3.Artikel 6 van de wet bepaalt dat het college van burgemeester en wethouders personen die aanspraak hebben op een individuele voorziening de keuze biedt tussen het ontvangen van een voorziening in natura of het ontvangen van een hiermee vergelijkbaar persoonsgebonden budget, tenzij hiertegen overwegende bezwaren bestaan. De toelichting op dit artikel geeft een nuancering aan. De gemeente is niet verplicht de burger bij het concretiseren van haar voorzieningenbeleid een keuze uit verschillende voorzieningen te geven, maar ze is wel verplicht aan dit vraagstuk de nodige aandacht te schenken. “De gemeentelijke beleidsvrijheid om, bijvoorbeeld, vanwege redenen van efficiency een bepaalde voorziening slechts in één type te leveren, is dus in het stramien van dit wetsvoorstel zeer wel mogelijk, zolang deze is onderbouwd, en is afgewogen tegen het feit dat daarmee de keuzevrijheid van de burgers in kwestie nihil is”.

Een aantal woonvoorzieningen wordt uitsluitend verstrekt als voorziening in natura. Dit zal vooral gelden voor duurdere, losse en daarom vaak herbruikbare voorzieningen, zoals de tilliften. Bouwkundige woonvoorzieningen worden naar hun aard over het algemeen niet als voorziening in natura aangeboden. Een uitzondering hierop is de traplift en de aanpassingen in een huurwoning. Dit artikellid bepaalt dat deze woonvoorzieningen uitsluitend in natura worden aangeboden, om te voorkomen dat er sprake zal zijn van kapitaalvernietiging.

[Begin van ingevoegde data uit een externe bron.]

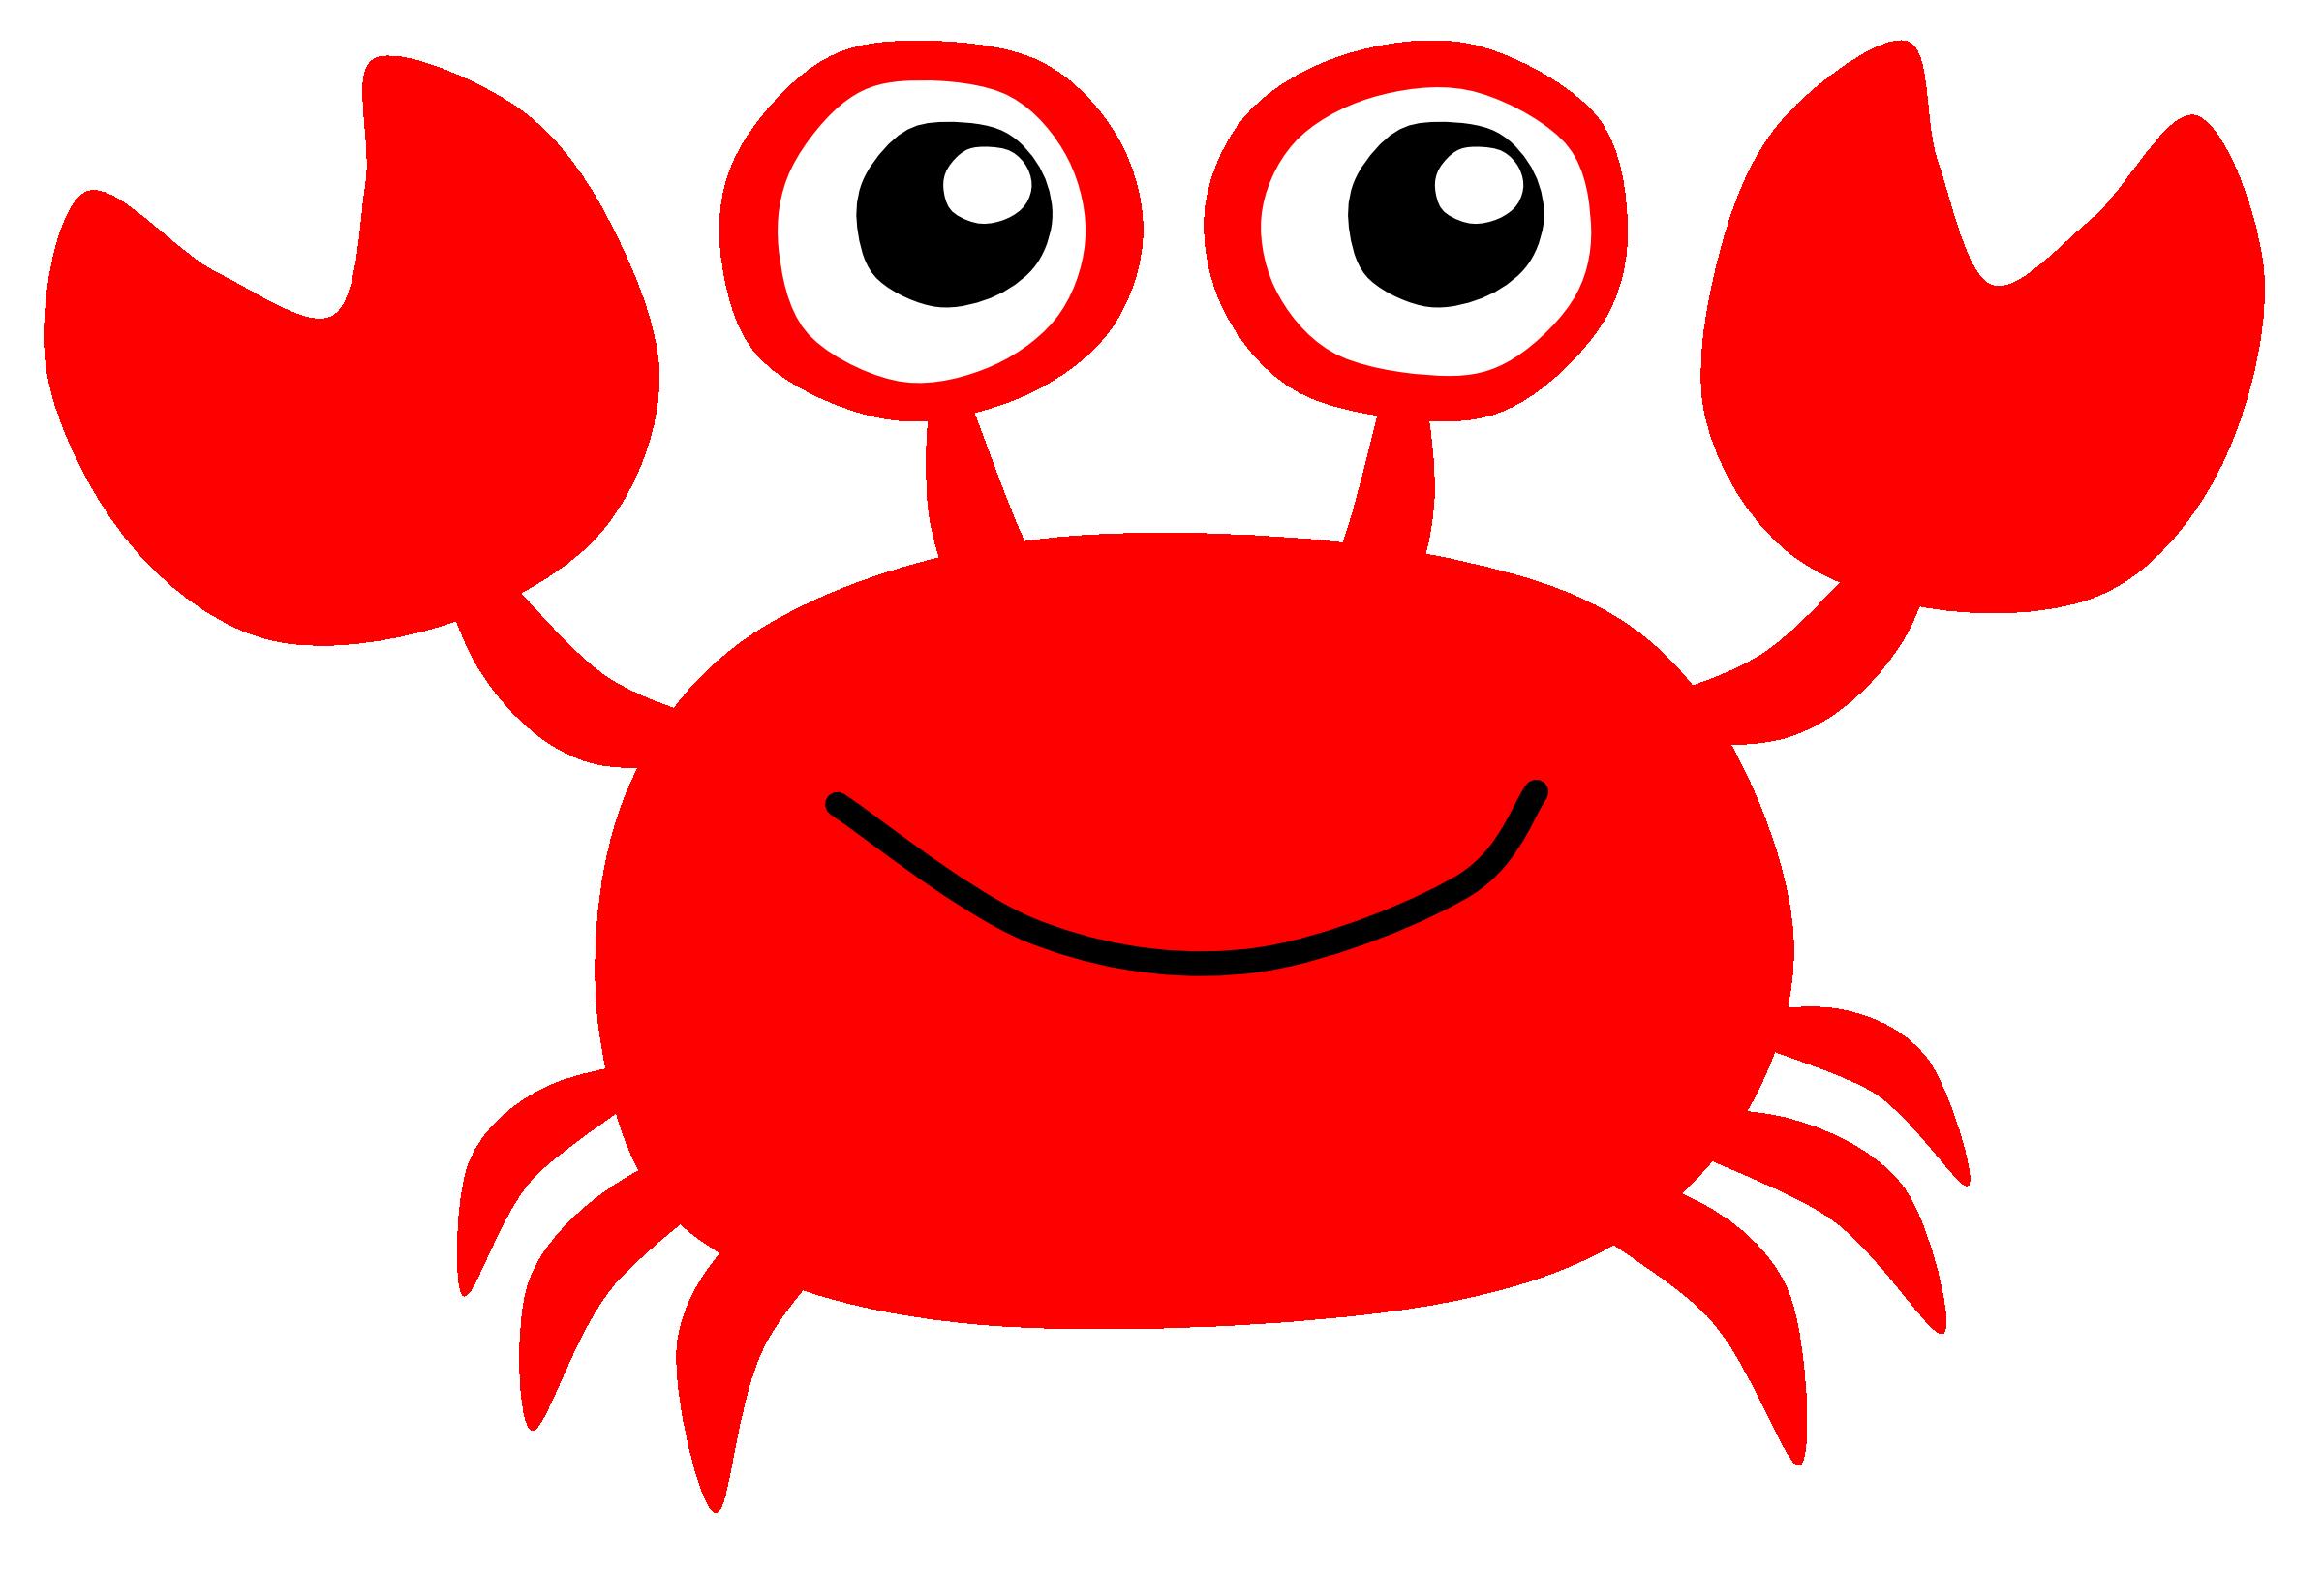 Crab Clipart | Clipart Panda - Free Clipart Images
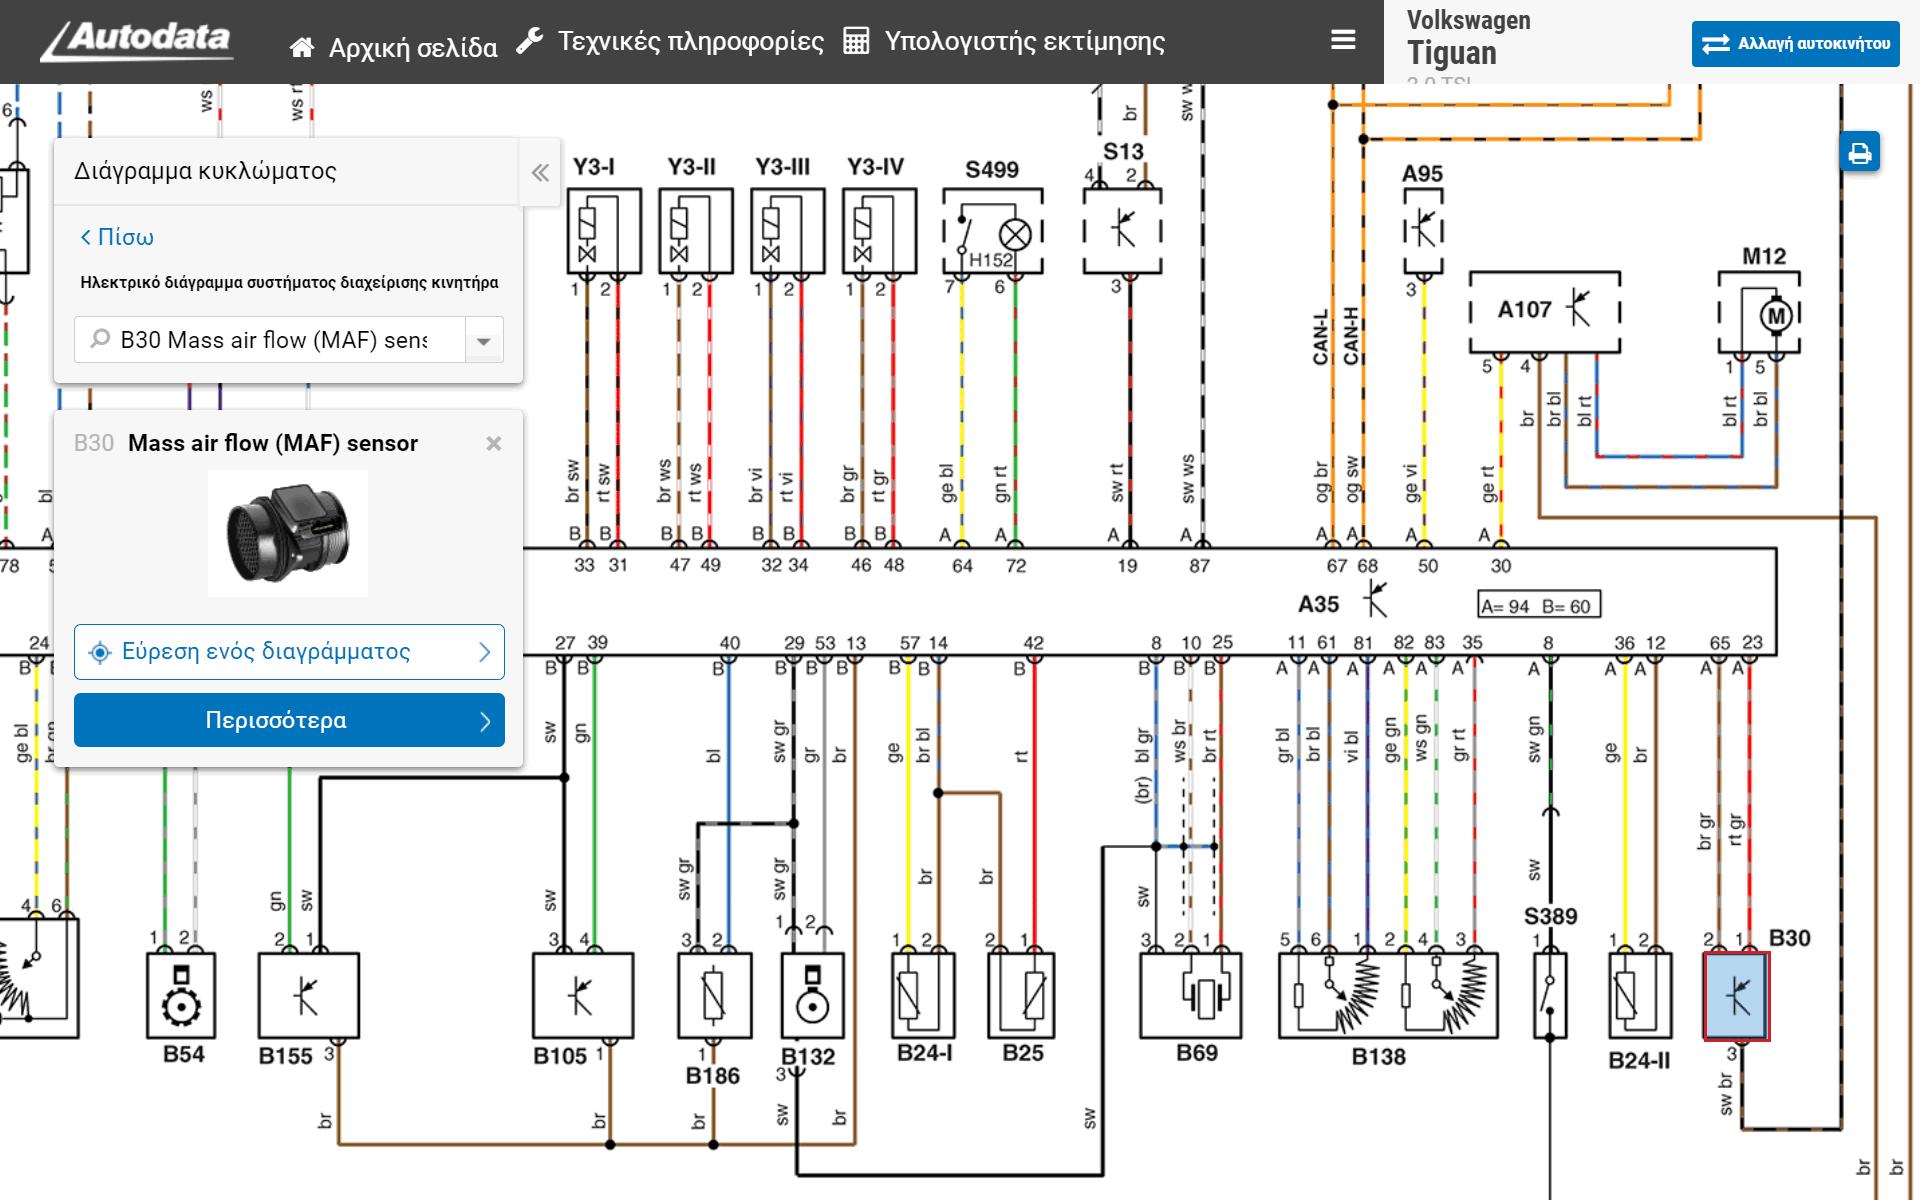 Autodata Τεχνικές πληροφορίες

Deze verstrekking en het niet bieden van een keuze voor een persoongebonden budget hangt samen met het vormen van een depot of een woningvoorraad met aangepaste woningen en de daarmee samenhangende herverstrekking.

  • 4.

    De sportrolstoel is een voorziening die meegenomen wordt vanuit de inmiddels vervallen Wvg zonder dat deze sportrolstoel in de Wvg of in de Wmo wordt genoemd. De sportrolstoel is een bovenwettelijke voorziening, in de Wvg opgenomen naar aanleiding van een verzoek van de Tweede Kamer. Daarom wordt de verstrekking voortgezet zoals dat onder de Wvg gebeurt. Dit betekent dat een sportrolstoel niet verstrekt wordt als een persoonsgebonden budget, maar als een gemaximeerde financiële tegemoetkoming (zie artikel 6.2 van dit Besluit).

  • 5.

    De keuze die in artikel 2.3 van de Verordening voorzieningen maatschappelijke ondersteuning 2008 gemaakt is ten aanzien van de verantwoording van het persoonsgebonden budget wordt hier voor de verschillende voorzieningen uitgewerkt.

  • 6.

    Tot slot wordt aangegeven welke bewijsstukken er ingeleverd dienen te worden voor de verantwoording van de besteding van het PGB.

Hoofdstuk 2. Eigen bijdragen en eigen aandeel.

Artikel 2.1. en 2.2 Omvang van de eigen bijdrage en het eigen aandeel.

Hoofdstuk IV van de Algemene Maatregel van Bestuur (AMvB) geeft regels voor de eigen bijdragen bij voorzieningen in natura of PGB en het eigen aandeel bij financiële tegemoetkomingen.

Bij het bepalen van de eigen bijdrage moeten we de regels van de AmvB volgen.

De WMO biedt in artikel 15, lid 2 gemeenten de mogelijkheid om de eigen bijdrage voor de verschillende soorten van maatschappelijke ondersteuning verschillend vast te stellen.

Hoewel landelijk de meningen over de uitleg van het artikel verschillen, gaan wij er van uit dat verschil mag worden gemaakt tussen de eigen bijdrage die een klant verschuldigd is voor hulp bij het huishouden en voor de overige individuele Wmo-voorzieningen.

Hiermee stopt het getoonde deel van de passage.